New travel ban still discriminates against Muslims: NY Attorney General

US President Donald Trump claims in a new executive order intended to temporarily ban travel from six majority-Muslim countries that his previous, court-stayed Executive Order 13769 “did not provide a basis for discriminating for or against members of any particular religion”. But New York State Attorney General Eric Schneiderman says the new ban discriminates against Muslims.

“Courts across the country have made clear: President Trump is not above the Constitution,” says Scheiderman in a statement released after a media briefing this morning by Secretary of State Rex Tillerson, Attorney General Jeff Sessions and Homeland Security Secretary John Kelly to reveal and discuss the new executive order (EO).

“While the White House may have made changes to the ban, the intent to discriminate against Muslims remains clear. This doesn’t just harm the families caught in the chaos of President Trump’s draconian policies – it’s diametrically opposed to our values, and makes us less safe,” Schneiderman’s statement continues. “My office is closely reviewing the new executive order, and I stand ready to litigate – again – in order to protect New York’s families, institutions, and economy.”

Trump’s new EO outlines a 90-day ban on all residents of six mainly Muslim countries – Iran, Syria, Somalia, Sudan, Yemen and Libya. It removes Iraq from the list Trump proposed in his original EO 13769 – after the Iraqi government reportedly agreed to intensify vetting of its citizens before letting them travel to the USA.

The new EO also proposes a 120-day ban on all refugees arriving under the United States Refugee Admission Program.

However, it differs from the previous EO in that instead of trying to achieve complete surprise by planning to put the ban into effect immediately, it calls for the travel ban to go into effect on 16 March. This is intended to give the US Customs and Border Patrol (CBP) and US law-enforcement agencies more time in which to interpret the planned new order and make arrangements accordingly.

By providing a 10-day window before which the planned ban would go into effect, the new order potentially may avoid some of the chaos, confusion, CBP overreach and mass protests at US airports and other international border entry points to the USA that the previous ban caused, creating strong international condemnation of Trump’s first travel-ban EO.

However, tweeting in defense of that original EO shortly after he had signed it, Trump argued that “if the ban were announced with a one week notice, the ‘bad’ would rush into our country during that week”.

The new EO contains several important differences from Trump’s originally planned travel ban:

  • It provides that people with valid visas will be allowed to enter the USA;
  • It provides that refugees already approved by the State Department will be allowed to enter the USA, but limits the number of refugees taken in by the United States for the year at 50,000 people;
  • The new EO does not include a blanket ban on all Syrian refugees;
  • It exempts Green Card holders (legal permanent residents of the US) from the named countries from being affected by the new order; and
  • Unlike the previous order, the new order does not give priority to religious minorities, the Associated Press reports.
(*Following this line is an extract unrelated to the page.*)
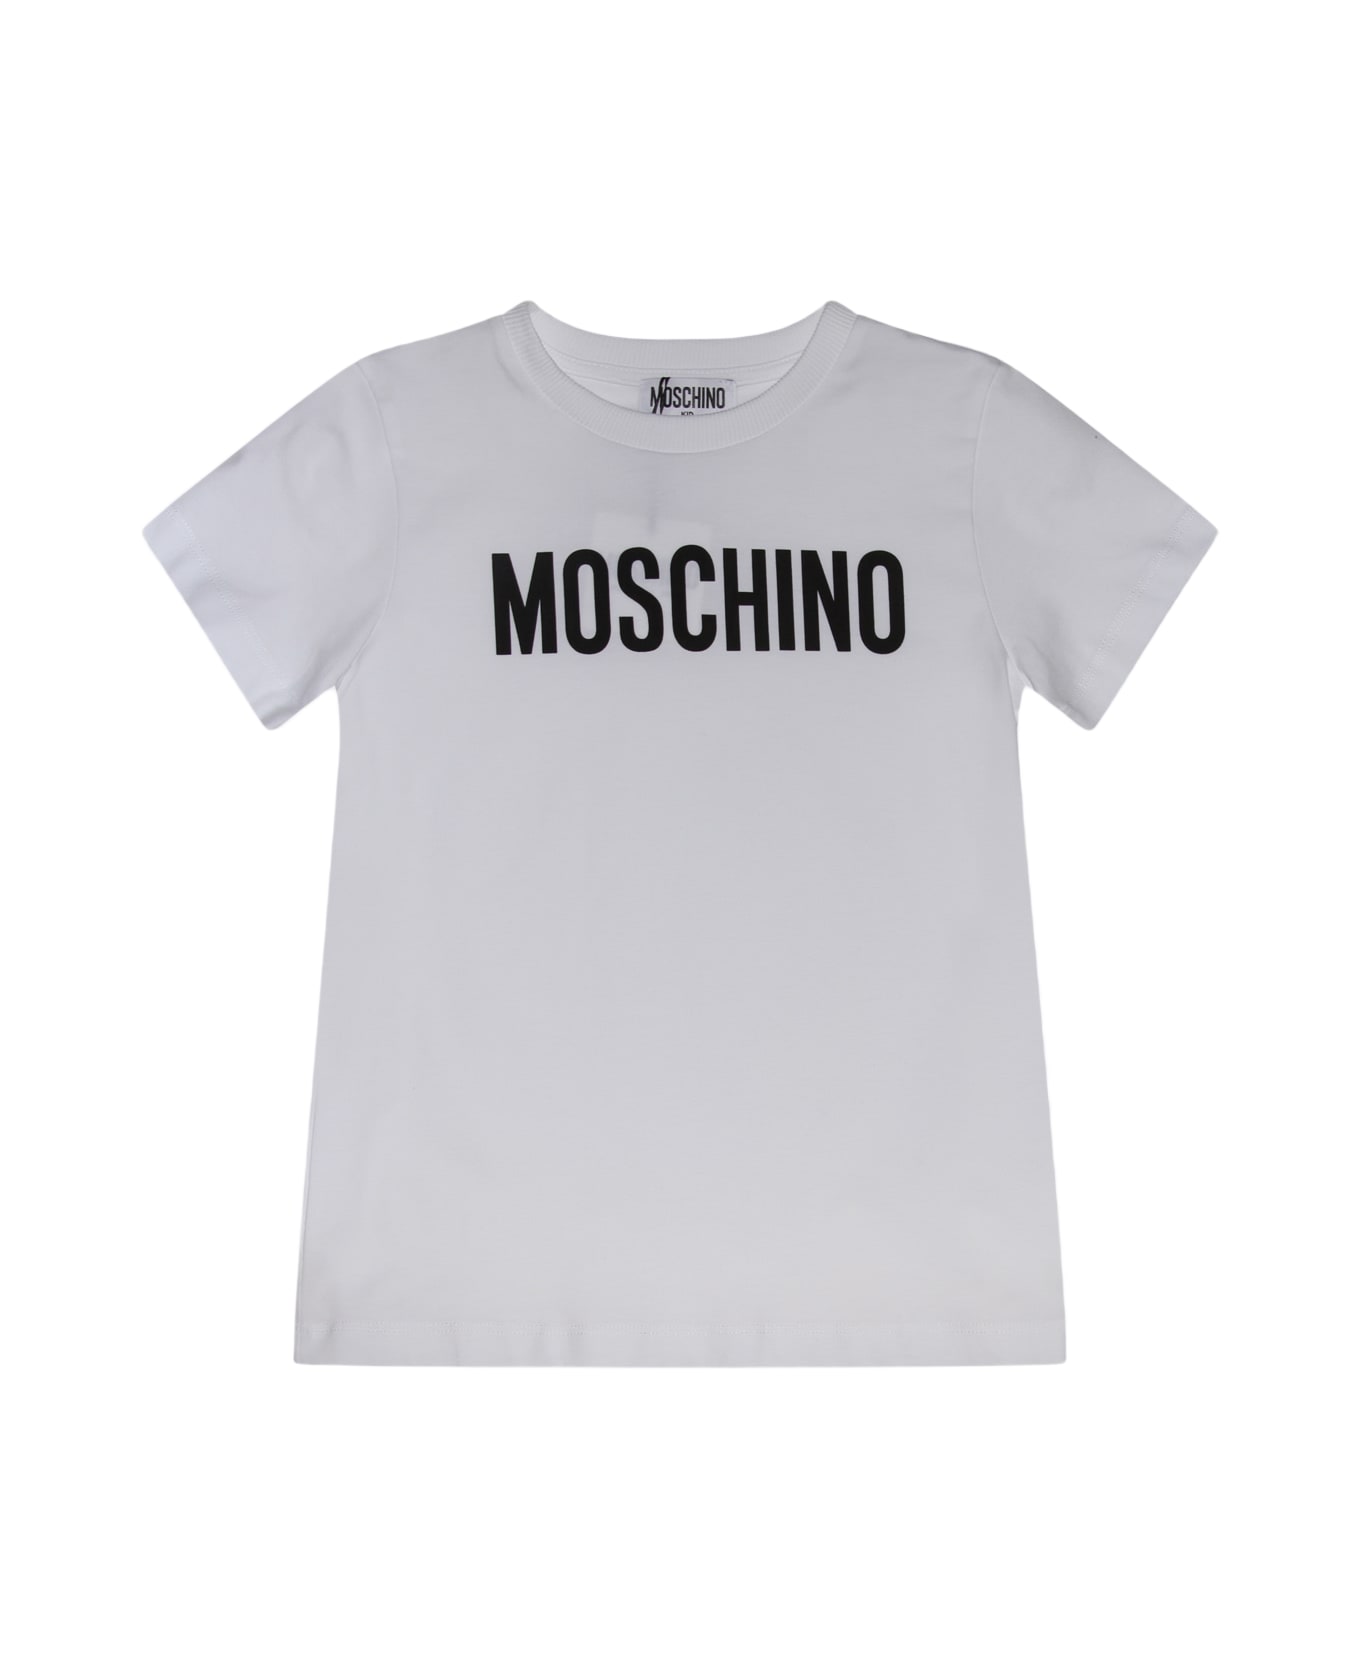 Moschino White And Black Cotton T-shirt - Bianco Ottico

A major criticism of the previously planned ban was that it unlawfully showed preference for Christian refugees.

Sessions said at the joint news conference announcing the planned new ban that more than 300 people who entered the US as refugees are under investigation by the FBI for potential terrorism-related offences, citing the FBI as his source.

However, Tillerson, Sessions and Kelly took no questions from media following their joint news conference.

While the Trump administration denied the planned travel ban is a “Muslim ban”, noting millions of Muslims around the world are not affected by the executive order, Omar Jadwat, director of the American Civil Liberties Union’s immigrant rights project, says in a statement that “Unfortunately, [Trump] has replaced it with a scaled-back version that shares the same fatal flaws.”

Adds the ACLU’s Jadwat: “The only way to actually fix the Muslim ban is not to have a Muslim ban. Instead, President Trump has recommitted himself to religious discrimination, and he can expect continued disapproval from both the courts and the people.”

Trump’s new travel-ban EO comes just days after the Transportation Security Administration put in place new, more personally invasive pat-down procedures at airport security checkpoints – likened by passengers experiencing them as “groin scrutiny” or, in tweets from airports, as “legalized groping”.

One report quoted a TSA spokesman as admitting pat-downs “will be more thorough and may involve an officer making more intimate contact than before”.